No git clone needed. The Docker image provides the schema; the fetcher populates it from EUR-Lex; the CLI/agent/MCP server query it.

### Docker Compose (full stack)

```bash
# Set your passwords
export POSTGRES_PASSWORD=secret
export OPENAI_API_KEY=sk-...

# Start DB + API
docker compose -f docker-compose.production.yml up -d

# The API is now at http://localhost:3000
# MCP proxy mode can point at it:
LEXIUS_API_URL=http://localhost:3000 LEXIUS_API_KEY=lx_... npx @robotixai/lexius-mcp
```

### Claude Desktop Integration

Add to `claude_desktop_config.json`:

```json
{
"mcpServers": {
"lexius": {
"command": "npx",
"args": ["@robotixai/lexius-mcp"],
"env": {
"DATABASE_URL": "postgresql://$POSTGRES_USER:$POSTGRES_PASSWORD@localhost:5432/$POSTGRES_DB"
}
}
}
}
```

Or use proxy mode (no local DB needed):

```json
{
"mcpServers": {
"lexius": {
"command": "npx",
"args": ["@robotixai/lexius-mcp"],
"env": {
"LEXIUS_API_URL": "https://your-lexius-instance.example.com",
"LEXIUS_API_KEY": "lx_your_key_here"
}
}
}
}
```

### Docker MCP

```bash
# Proxy mode
docker run -e LEXIUS_API_URL=https://your-lexius-instance.example.com \
-e LEXIUS_API_KEY=lx_... \
robotixai/lexius-mcp

# Direct mode
docker run -e DATABASE_URL=postgresql://$POSTGRES_USER:$POSTGRES_PASSWORD@host:5432/$POSTGRES_DB \
robotixai/lexius-mcp
```

## Provenance

Every fact Lexius returns is labelled with its trust level:

| Tier | Meaning | Enforced by |
|------|---------|-------------|
| **AUTHORITATIVE** | Verbatim from official source (EUR-Lex CELLAR).
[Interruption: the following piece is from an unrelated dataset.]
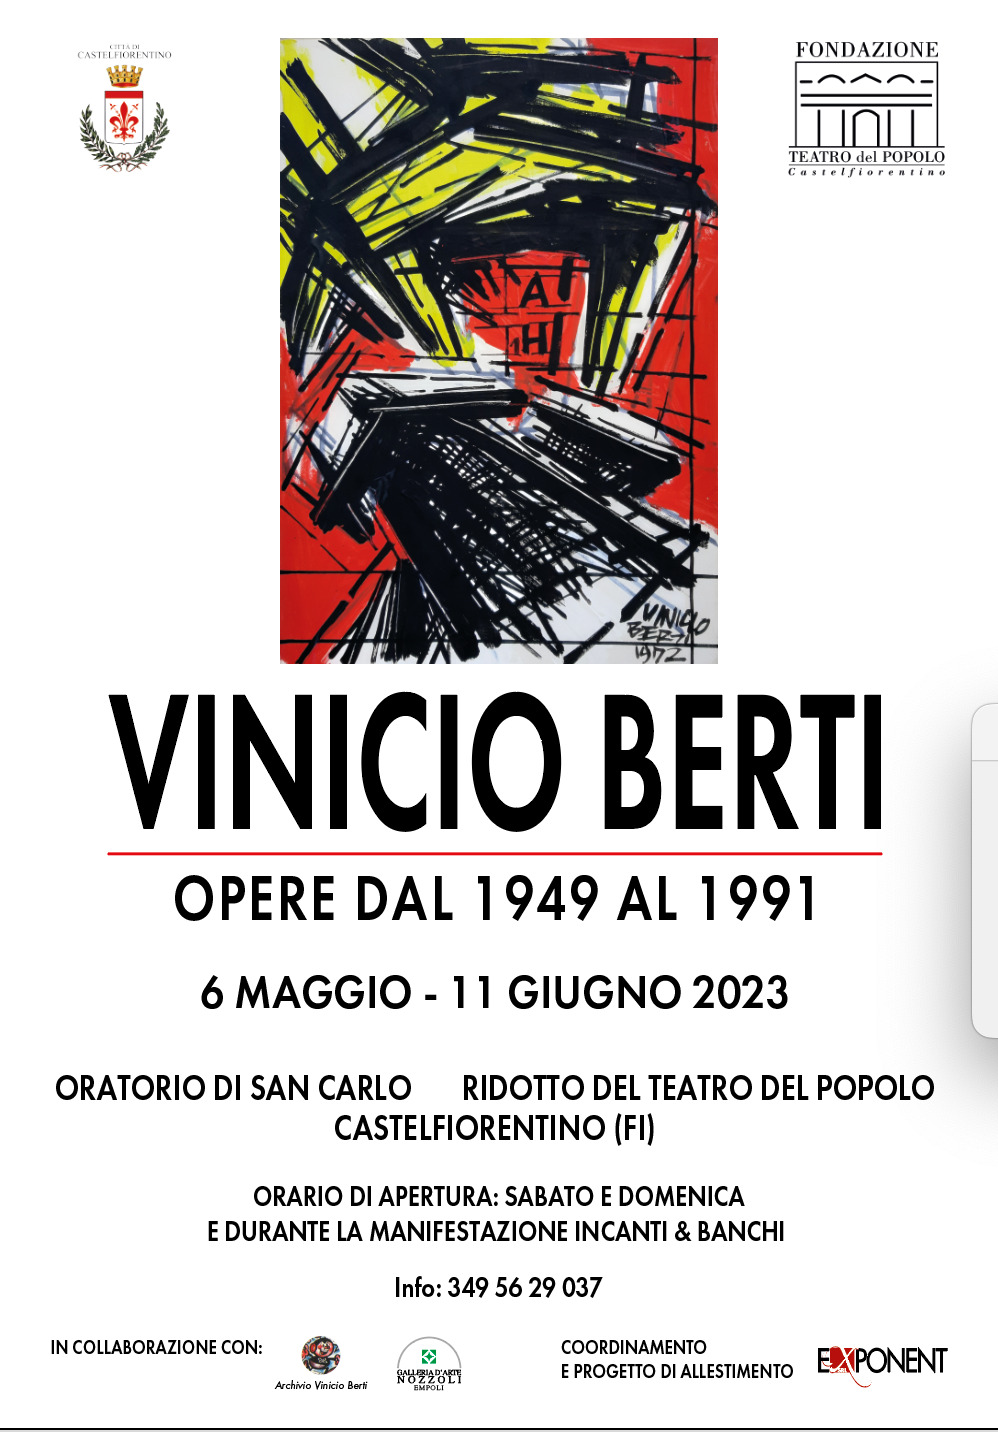 Le opere di Vinicio Berti

SHA-256 hash-verified. | DB CHECK constraint + Specflow PROV-001 |
| **CURATED** | Written or reviewed by a domain expert. `curated_by` + `reviewed_at` recorded. | DB CHECK constraint + PROV-003 |
| **AI_GENERATED** | Model output, not expert-reviewed. `generated_by_model` recorded. | DB CHECK constraint |

## Data Pipeline

```
EUR-Lex CELLAR (XHTML)
↓ fetcher (lexius-fetch ingest --celex 32024R1689 or --source cima)
Articles table — 1,456 AUTHORITATIVE sections across 20 regulations, hash-verified
↓ extractor (lexius-fetch extract --legislation eu-ai-act)
Article Extracts — 8,123+ typed facts (fines EUR/KYD, %, dates, cross-refs, shall-clauses, imprisonment terms)
↓ cross-check (pnpm crosscheck)
CI fails if curated penalty amounts ≠ extracted values from verbatim law
↓ swarm (POST /api/v1/swarm/run)
Compliance workspace — 1,882 findings in 2.6s with 4 parallel agents
↓ synthesis
ComplianceReport with relianceByTier breakdown
```

## Legislations

### EU Regulations (via EUR-Lex CELLAR — XHTML)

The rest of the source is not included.